• **GIVEN INFORMATION**:
++++++
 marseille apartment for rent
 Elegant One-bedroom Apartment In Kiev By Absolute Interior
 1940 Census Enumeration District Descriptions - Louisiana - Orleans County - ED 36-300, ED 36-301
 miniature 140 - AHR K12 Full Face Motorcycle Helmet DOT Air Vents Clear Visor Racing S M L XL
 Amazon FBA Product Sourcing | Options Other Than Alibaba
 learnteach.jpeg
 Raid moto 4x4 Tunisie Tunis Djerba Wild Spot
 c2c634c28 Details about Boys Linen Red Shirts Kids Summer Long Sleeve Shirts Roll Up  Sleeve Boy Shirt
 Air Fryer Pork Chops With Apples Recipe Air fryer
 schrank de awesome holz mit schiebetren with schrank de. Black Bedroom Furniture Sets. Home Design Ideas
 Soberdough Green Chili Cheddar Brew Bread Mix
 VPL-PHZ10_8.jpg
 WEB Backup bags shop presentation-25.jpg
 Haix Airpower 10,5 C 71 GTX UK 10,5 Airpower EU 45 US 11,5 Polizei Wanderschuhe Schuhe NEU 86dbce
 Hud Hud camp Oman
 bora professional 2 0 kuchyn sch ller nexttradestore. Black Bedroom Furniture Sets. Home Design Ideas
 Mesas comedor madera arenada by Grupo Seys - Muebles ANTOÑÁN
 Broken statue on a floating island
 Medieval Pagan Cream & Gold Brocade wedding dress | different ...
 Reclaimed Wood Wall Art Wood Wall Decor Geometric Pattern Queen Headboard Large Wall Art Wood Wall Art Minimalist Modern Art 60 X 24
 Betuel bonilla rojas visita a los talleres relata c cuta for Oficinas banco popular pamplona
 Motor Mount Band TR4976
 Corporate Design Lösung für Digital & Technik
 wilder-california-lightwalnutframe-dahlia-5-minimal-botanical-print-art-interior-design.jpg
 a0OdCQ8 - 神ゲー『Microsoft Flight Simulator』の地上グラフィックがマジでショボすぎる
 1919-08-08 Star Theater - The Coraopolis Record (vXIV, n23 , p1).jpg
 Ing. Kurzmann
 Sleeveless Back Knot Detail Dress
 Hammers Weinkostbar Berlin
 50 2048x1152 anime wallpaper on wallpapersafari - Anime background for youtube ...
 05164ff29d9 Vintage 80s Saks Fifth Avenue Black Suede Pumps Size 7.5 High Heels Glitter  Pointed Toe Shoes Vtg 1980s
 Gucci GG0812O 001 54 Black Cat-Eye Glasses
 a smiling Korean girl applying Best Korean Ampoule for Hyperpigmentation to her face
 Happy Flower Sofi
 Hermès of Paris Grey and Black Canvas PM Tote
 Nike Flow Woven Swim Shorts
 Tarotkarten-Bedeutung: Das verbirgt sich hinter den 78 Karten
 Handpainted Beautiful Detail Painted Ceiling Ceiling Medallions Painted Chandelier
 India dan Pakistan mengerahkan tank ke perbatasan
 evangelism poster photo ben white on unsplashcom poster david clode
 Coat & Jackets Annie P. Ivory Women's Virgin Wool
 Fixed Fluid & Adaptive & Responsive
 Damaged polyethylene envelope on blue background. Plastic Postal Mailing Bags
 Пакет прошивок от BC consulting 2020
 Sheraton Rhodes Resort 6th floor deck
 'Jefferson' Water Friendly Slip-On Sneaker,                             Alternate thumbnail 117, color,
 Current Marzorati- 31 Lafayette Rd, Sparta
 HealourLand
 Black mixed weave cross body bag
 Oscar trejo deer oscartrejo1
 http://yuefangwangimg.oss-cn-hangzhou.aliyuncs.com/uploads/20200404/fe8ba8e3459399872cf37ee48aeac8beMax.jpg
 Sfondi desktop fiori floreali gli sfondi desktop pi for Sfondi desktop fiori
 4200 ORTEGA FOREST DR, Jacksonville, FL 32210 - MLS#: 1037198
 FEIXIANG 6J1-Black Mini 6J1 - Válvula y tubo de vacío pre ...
++++++
• **TASK DESCRIPTION**:
What is the number of lines in the entries above that include the word "background"? Answer with that number alone.

• **TASK OUTPUT**:
2